Dracula di Luc Besson è magnifico. Scenografia, fotografia, costumi e tutto, ma la storia e la direzione scelta del racconto è la cosa che abbiamo apprezzato di più e che più ci ha emozionato. Il vampiro di Besson non vaga nell’eternità approfittando di colli da mordere per berne il sangue, ma nella spasmodica ricerca del suo amore, appunto, perduto. Romanticismo potente, puro Sturm und Drang che supera i cliché e ci racconta una storia nuova, partendo da molto prima che il nostro, qui, eroe, diventasse un vampiro.

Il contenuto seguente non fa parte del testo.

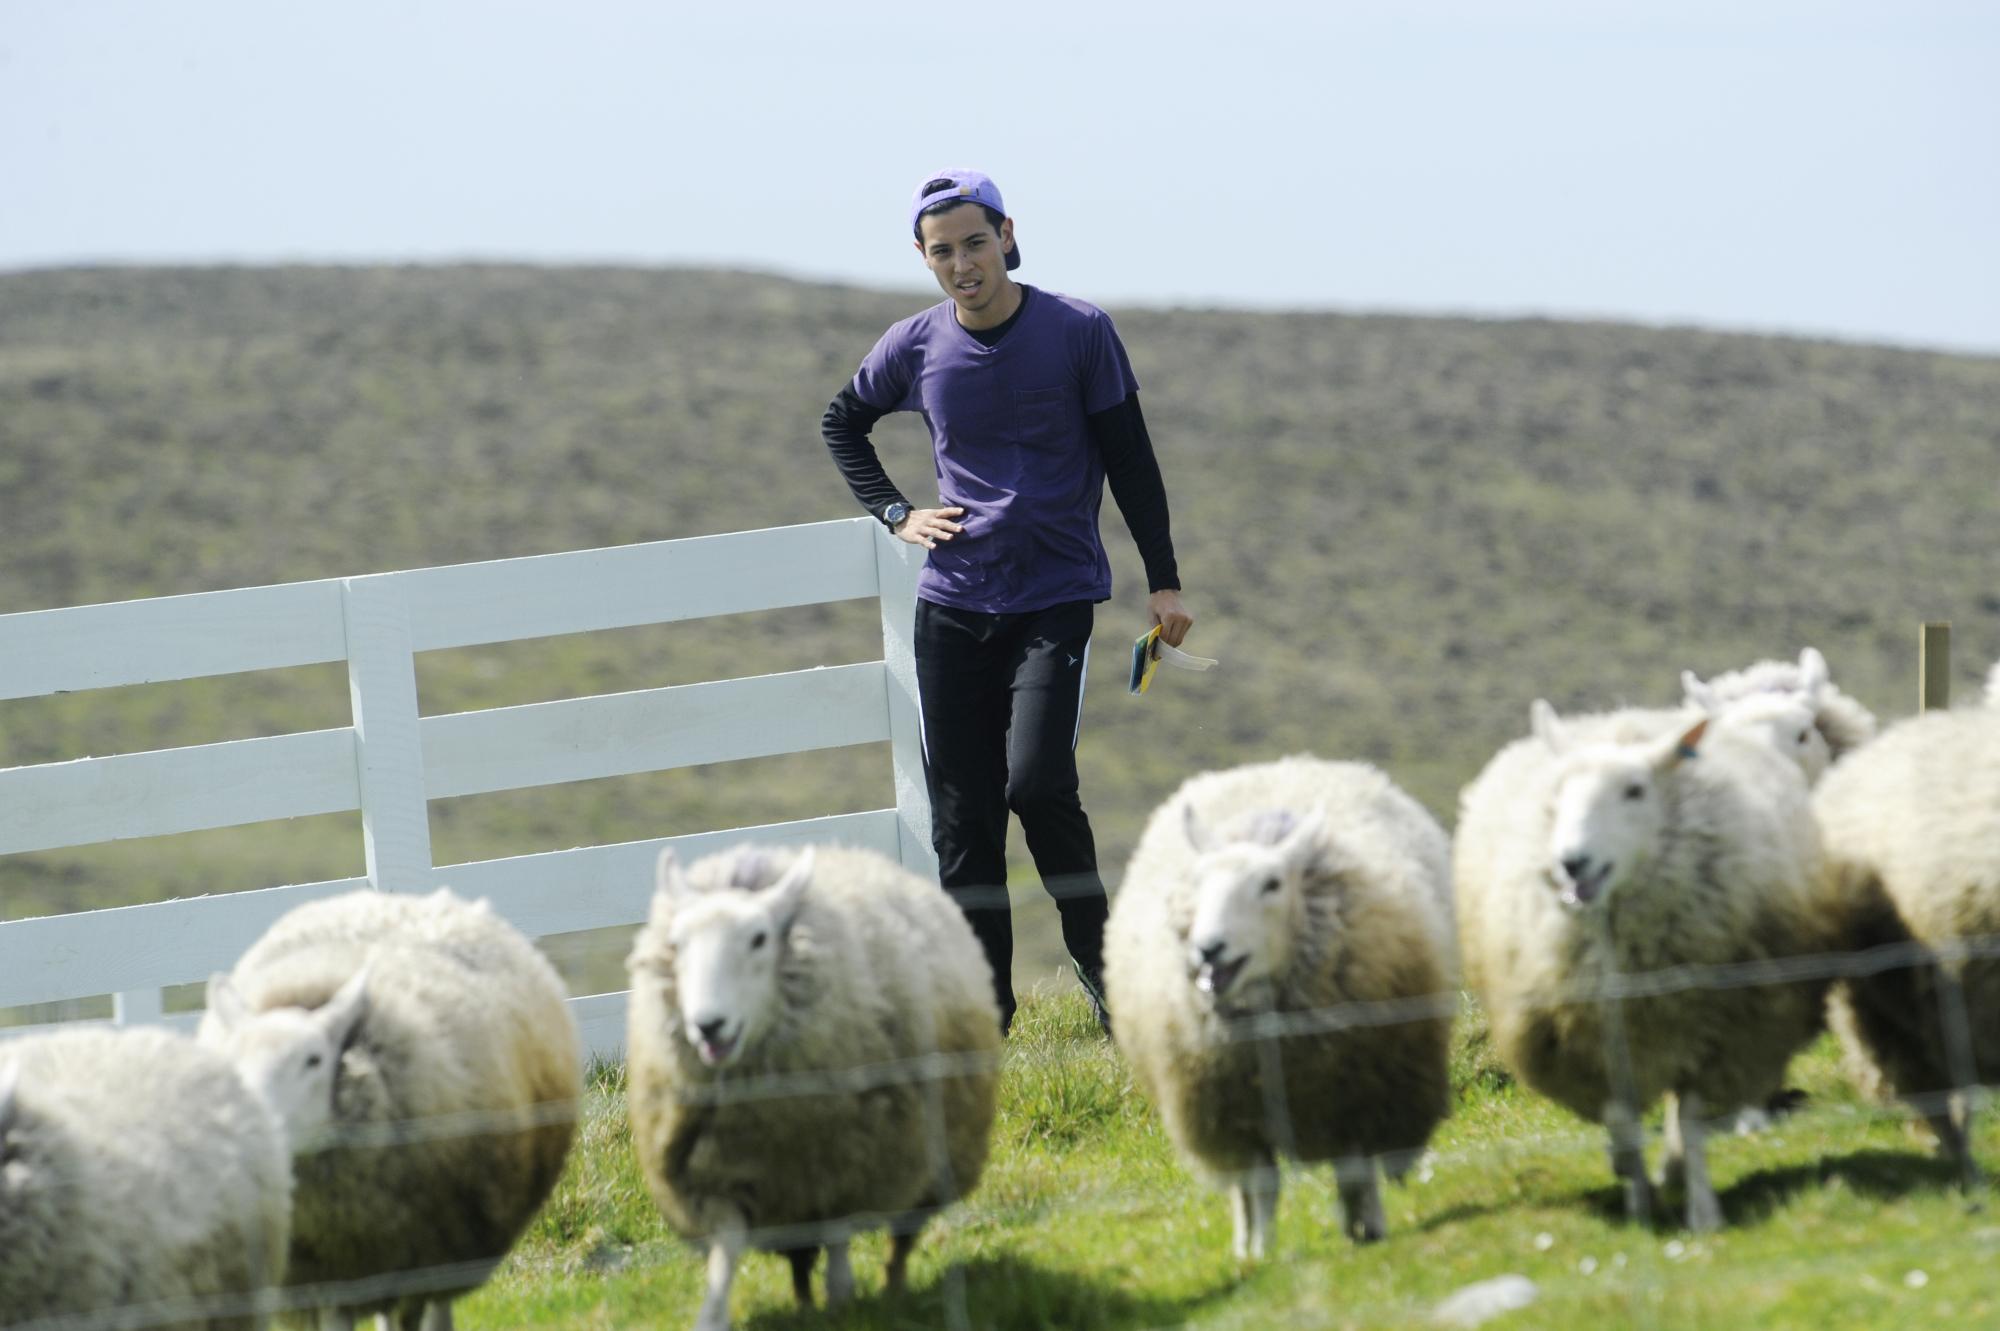 Te Jay works to herd sheep

Il principe Vladimir vive una vita potente e passionale con la sua Elisabeta, l’amore loro due lo danzano e sono bellissimi nel divorarlo, consumarlo, goderlo, con un trasporto che unisce corpi e anime. Nessuno dei due può essere qualcuno senza l’altro e quando lui parte in guerra, prega Dio di ritrovarla viva al suo ritorno. Invece, assisterà impotente alla sua morte violenta e impazzito di dolore, rinnegherà quel Dio finora rispettato e servito anche con le armi che a sua volta, così si racconta, lo maledirà per l’eternità negandogli persino l’ultima speranza di trovare pace: la morte.
I suoi suicidi impossibili che gli devastano corpo e anima impattano su di noi in modo così violento da percepirne la disperazione, scatenando un’empatia forte con lui e il suo dolore. L’eternità cui Dracula è condannato non sarà quindi altro che la ricerca disperata della sua Elisabeta, nei secoli dei secoli dei secoli, e noi lì con lui, devastati dalla sua resistenza, dalla sua languida malinconia e dal suo indomabile amore.
Un cast fantastico completa la perfezione di questo film: Caleb Landry Jones che Luc Besson ha rivoluto dopo Dogman, con la sua faccia che non la scordi più, è perfetto nel ruolo di questo Dracula, così come Zoe Bleu, che avevamo videointervistato due anni fa per Sings of love, regala a Elisabeta tutta la sua sensualità. Christoph Waltz è il prete saggio, erudito, lungimirante e pure ironico che, ovviamente, cerca Dracula per liberare da lui il mondo. Matilda De Angelis, qui in una delle sue migliori interpretazioni, è Maria, amica, ma anche vittima in qualche modo del Conte che, dopo aver cercato disperatamente in Finlandia e pure a Firenze, giunto nella Parigi della Belle Epoque dove il clima si fa persino vivace e divertente, le ha affidato l’incarico di aiutarlo a ritrovare la moglie reincarnata in qualche dama.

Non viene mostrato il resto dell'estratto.